The role of a Lake Arrowhead California Realtor is to guide you through the buying or selling process.  I am absolutely committed to fulfilling your needs with the highest level of professionalism, expertise, and service.  As a Lake Arrowhead Real Estate agent, my commitment to your satisfaction is the foundation from which a solid business relationship is built. I realize that people do business with real estate agents they trust. I am interested in what is best for you, the client, and am committed to establishing a long-term relationship based on trust. I pride myself on being knowledgeable and staying current with changes in the industry, with a special interest in Lake Arrowhead Real Estate. You have worked hard to be able to purchase the home of your dreams. I feel the responsibility to make those dreams a reality and pursue the right solution.

I invite you to have a look around this site.  It is my hope that you find it informative in the area of Lake Arrowhead Real Estate.  I believe Lake Arrowhead to be one of the most beautiful areas in California.  Have a look at the current Lake Arrowhead Listings.  I look forward to assisting you in Lake Arrowhead Real Estate and helping you find the home of your dreams.

Mortgage Workout Programs for Homeowners
On Wednesday, February 18, 2009, President Obama announced his new Homeowner Affordability and Stability Plan to help troubled homeowners avoid foreclosure.  This plan will offer assistance up to 9 million homeowners and applies only to primary residences.  The first component of the plan allows homeowners who are current to refinance an existing Fannie Mae or Freddie Mac conforming loan with a loan-to-value ratio up to 105 percent.  The second component addresses homeowners who are at risk of foreclosure on their mortgages, but they do not have to be delinquent.  The government will work with the lenders to ensure that monthly mortgages do not exceed 31 percent debt-to-income ratio.  Furthermore, the government will seek to create clear and consistent guidelines for loan modifications.   

The details of the Homeowner Affordability and Stability Plan were released on Wednesday, March 4, with the introduction of the Making Home Affordable plan.  Please look at the appropriate charts below to read about the summary of these new programs. 

For more information about the Making Home Affordable Program, click here.

The following information is intended for REALTORS® and homeowners seeking information on existing mortgage workout programs.  In general, the loan modification programs on the chart (see link below) and consumer information sheets (see links below) are intended for primary residences only.

For a lender comparison chart on existing mortgage workout programs (revised 3/09), click here. The chart is a compilation of programs offered by the larger lenders and government entities. If a specific lender or loan servicer is not on the chart, homeowners may wish to contact the lender or loan servicer to determine if a workout program is available.

For consumer information sheets containing detailed information on specific programs that REALTORS® can share with their clients, please click on the appropriate link below.

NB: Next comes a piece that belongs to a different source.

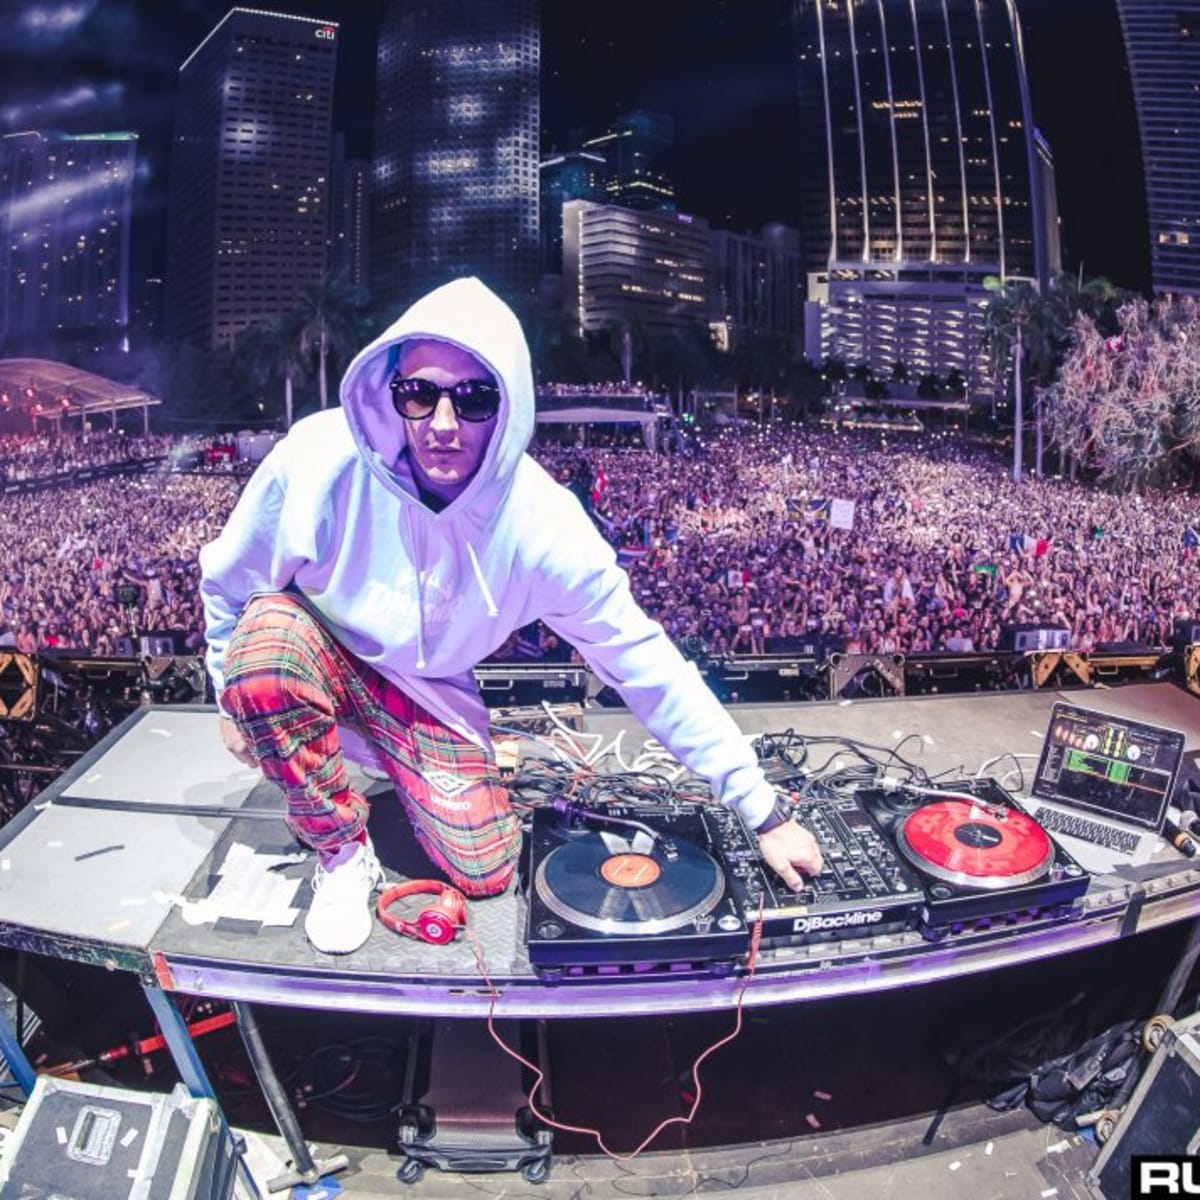 Dj Snake Threw Down Unreleased Music During A Record Setting Wall Of Death Edm Com The Latest Electronic Dance Music News Reviews Artists

Making Home Affordable Refinance
Making Home Affordable Modification 
HOPE For Homeowners (H4H)  
Countrywide Financial (Bank of America)
Citigroup, CitiMortgage
JP Morgan Chase & Co.
IndyMac Federal Bank, FDIC  
Federal Government Loan Modification  (Participants include: Fannie Mae, Freddie Mac, Federal Home Loan Banks, Hope Now participants, Department of the Treasury, Federal Housing Administration and the Federal Housing Finance Agency, and Wells Fargo.)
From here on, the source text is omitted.